Select Candidates: Scans for new user posts and replies that haven't been processed yet.
Triage: Evaluates if the post is actually a question and if it's relevant. If not, it safely skips it.
Retrieve (RAG): Performs a semantic search against the Vector Index to pull the top-K (~8) most relevant context chunks.
Confidence Gate: This is the most crucial step to prevent hallucinations. An LLM acts as a judge to determine if the retrieved context actually contains the answer. If the confidence score is < 0.75, the assistant remains silent.
Generate Answer: If confident, the system generates a response using DeepSeek v4-flash. The prompt mandates the inclusion of citations/references from the retrieved sources.
Human-like Delay: To avoid feeling like a frantic robot, the system schedules a random delay (3-20 minutes) before posting.
Deliver Reply: Just before posting, it re-checks if the user's post still exists, then inserts the comment. All decisions (answered, skipped, scheduled, confidence scores, citations) are logged into an audit table for idempotency.

2. Tech Stack

To keep the system fast and manageable, the stack relies heavily on modern serverless and API-driven tools:

Backend & Orchestration: Convex handles the Database, Serverless Actions, Cron Jobs, Scheduler, and File Storage.
RAG & Vector Store: @convex-dev/rag handles the chunking, embedding storage, and vector search natively.
Embeddings: Google Embedding 001 (3072 dim) is used for its high-quality multilingual capabilities and generous free tier.
LLM (Reasoning & Generation): DeepSeek v4-flash (via an OpenAI-compatible API) handles the heavy lifting of triage, confidence scoring, and answer generation.
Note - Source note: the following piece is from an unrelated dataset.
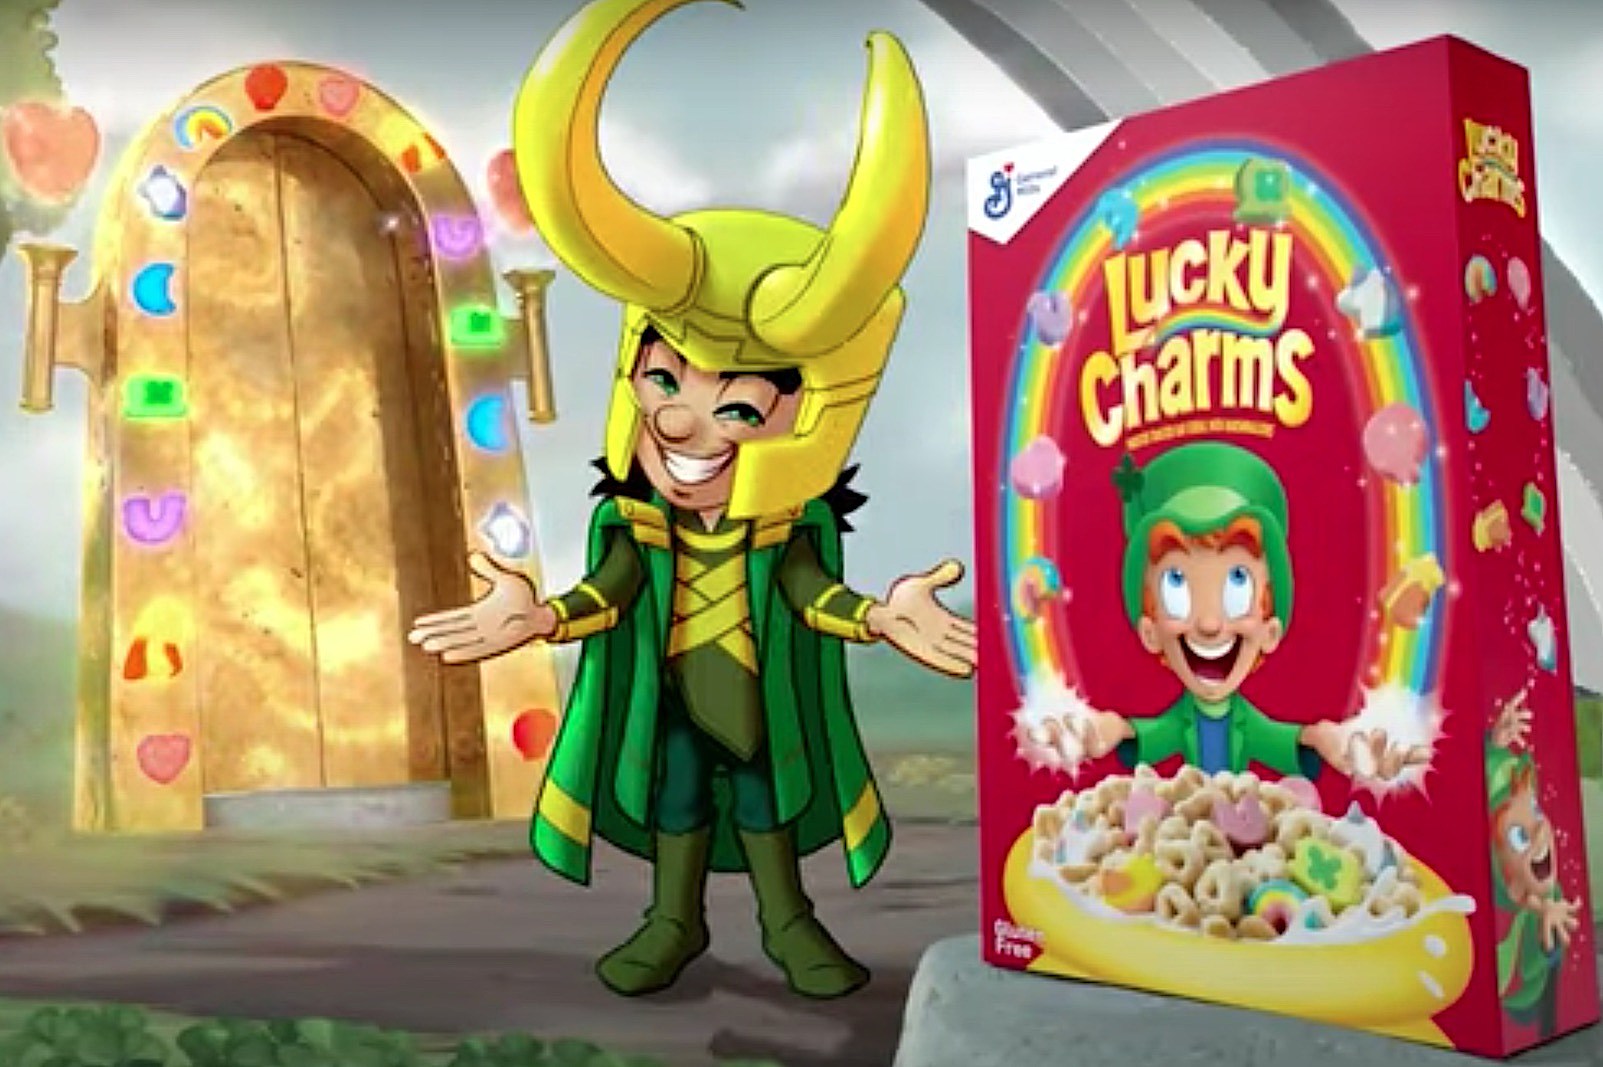 lucky charms mascot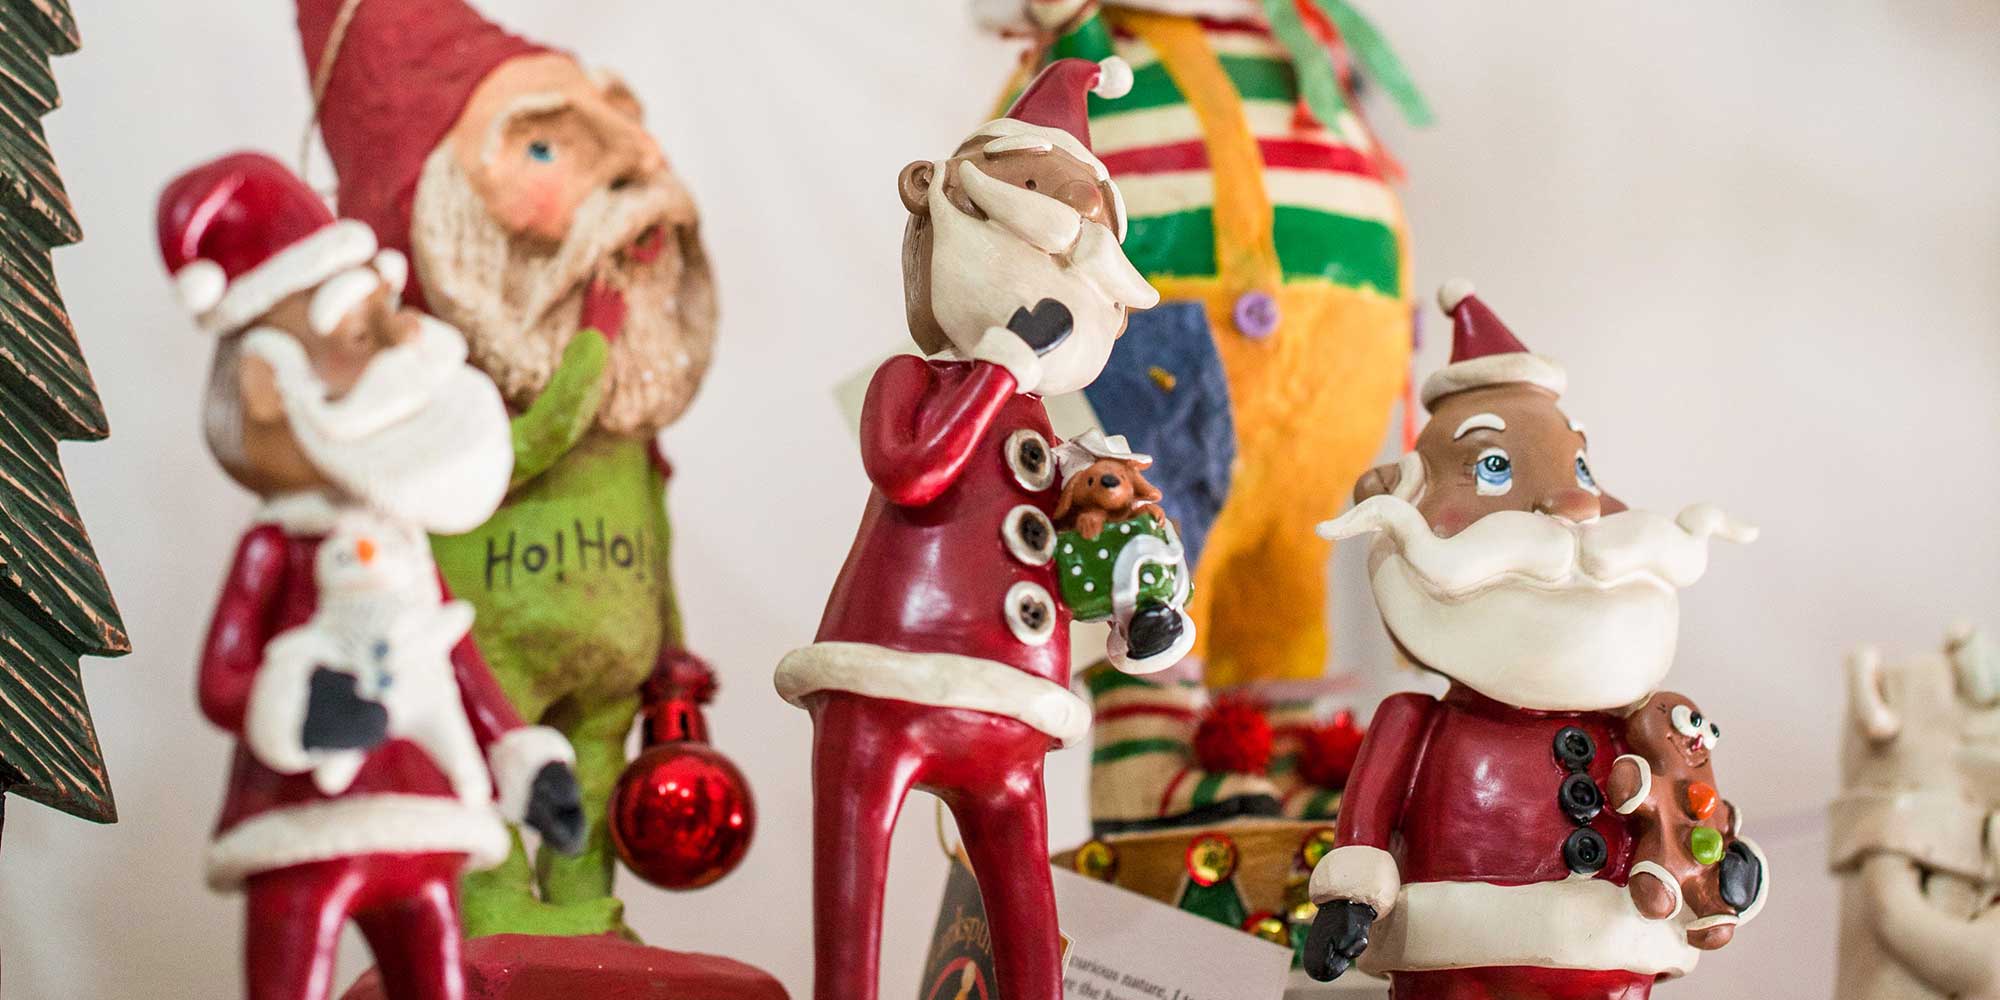 multiple hand crafted santas on a shelf

3. Common Problems & Solutions

Building AI for production means expecting it to misbehave. Here is how common pitfalls are addressed:

Hallucination / Wrong Answers: Solved via the strict Confidence Gate (score $\ge$ 0.75) and mandatory references. If it doesn't know, it doesn't speak.
Feels Like a Bot: Addressed by injecting a human-like delay, using a natural tone, varying the opening sentences, and keeping answers short.
Repeated Reprocessing: Avoided by implementing content hashing and delta ingestion (skipping unchanged content).
Outdated Information: The ingestion cron handles removals explicitly—unpublishing or deleting content from the primary source removes it from the vector store.
Endless Conversations: Hard-capped at a maximum of 2 follow-ups per thread to prevent infinite loops.
Moderation & Safety: The AI operates like a normal user. Normal moderation rules apply, and human moderators can easily review the decision logs and remove replies if necessary.

4. Key Design Principles

Ultimately, the architecture adheres to four core principles:

Selective: Answer only when it knows the answer and when it is relevant. Selective silence is always better than noise.
Knowledge-Grounded: All answers must come from curated, embedded content, not from the LLM's pre-trained assumptions.
Human-Like: Act like a helpful community member, not a soulless encyclopedia.
Safe & Auditable: Maintain transparent AI identity, clear decision logs, and full moderation readiness.

By combining strict confidence gates, delta-based ingestion, and human-like delays, you can build an AI assistant that genuinely elevates a community rather than spamming it.